16,790 days, give or take a few, refers to the number of 24 hour periods I've spent married to my hubby. Yesterday we celebrated our 46th wedding anniversary, and we're both still in it for the long haul. To say that every single minute of every single day has been gloriously happy would be a downright lie! To say that every single minute of every single day has been a living hell would also be grossly untrue! But, to say that every single minute of every single day has been worth it, is an extreme understatement because our life together has been exactly that, WORTH IT!
We were so young in 1968 and hadn't a clue what marriage entailed. We're, let's say, much older now, and I must confess at times still don't get it. Yet we keep trying because of our commitment to each other hasn't waivered one iota. When we spoke our vows to have, to hold, and to love, we meant it. When we agreed that for better or worse, richer or poorer, in sickness or in health until death, we meant it.

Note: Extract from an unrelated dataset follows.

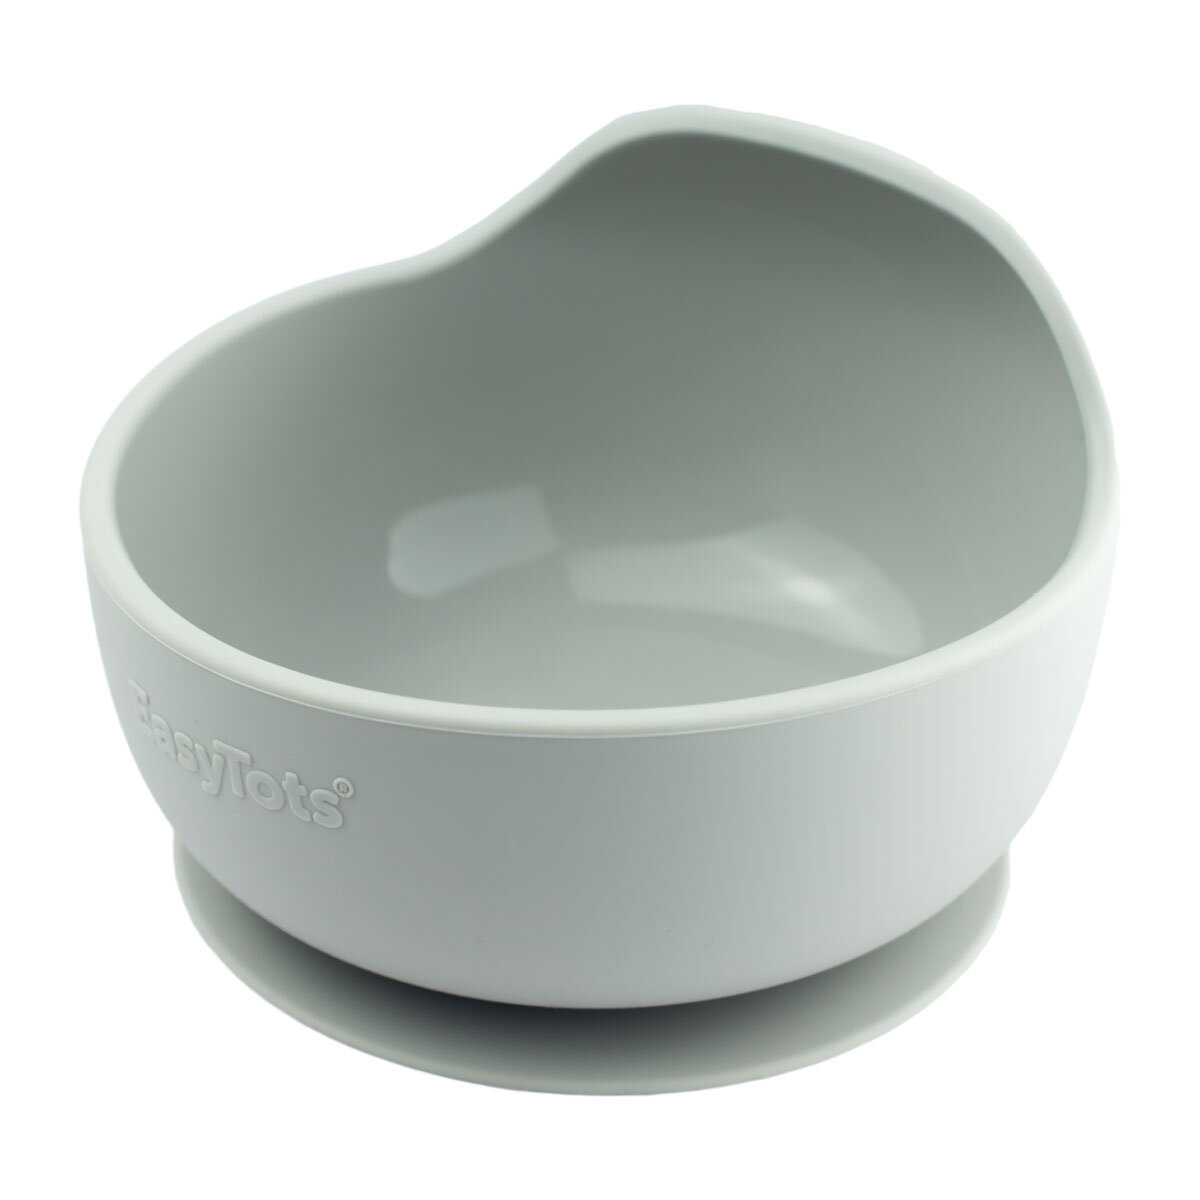 EasyTots Suction Bowl with Bamboo Spoons - Grey

We became parents to our beautiful daughter, Joy, seven months after we said "I do." Thirteen months later, our son, Barry, came along. Needless to say, with my hubby working eight hours to pay the bills, and me caring full time for two babies and holding down the fort, we had little time for each other. On most days, hellos, good-byes, and good nights comprised the totality of our conversations. Since we were only engaged four months after we met, and then married seven months later, we knew squat, one about the other. Heck, I didn't know what foods he hated which turned out to be that he loved everything except pigs feet and he didn't even know my full name, Florence Frances Agnes Kolton Barnett! I didn't know he wasn't a fan of the beach, and he certainly didn't know I would be a beach bum for the rest of my life without complaint. We both were guilty of not knowing one another's favorite color! Imagine?
But over the years we slowly realized that all of who we were and what we wanted out of life would reveal itself eventually. All we needed to do was pay attention. Sometimes when we did just that, our lives were blissfully happy. However when our observations diminished or were totally nonexistent, our lives were taken over by resentment and hurt. Arguments ensued and days of silence took over our household. Not only did we suffer, but our children did as well. Even though they were quite young, they felt the tension and disconnect. Seperately we tried to attend to the needs of our daughter and son, but know that their lives were negatively changed. How could they not be!
After decades of practicing to understand one another and make compromises for the good of our family, did our marriage improve immensely. Today we know pretty much everything about each other and accept the foibles and quirks the are part of our beings the we had a difficult time tolerating way back when. We laugh at how silly we were in trying to be right instead of being happy.
Oh, I would be remiss if I didn't mention out third child, Kristy, who was born eight years after her brother. Although I was highly upset at first, over time we both realized that she was the best thing that could have happened to us. We were older and had been there, done that already, but we were wiser, too. We not only had quality time with only one baby to care for, but we definitely made sure to be there for each other.
16,790 days seems like a long time, but actually it isn't. We still have a lot to learn about each other, and hopefully we'll have the time to do it. Our life together has been fruitful, we have seven amazing grandchildren to dote on. Have there been bumps along the road? Definitely!
But on day, 16,791, give or take a few, we're still commitment and it's 100% with out a doubt, WORTH IT!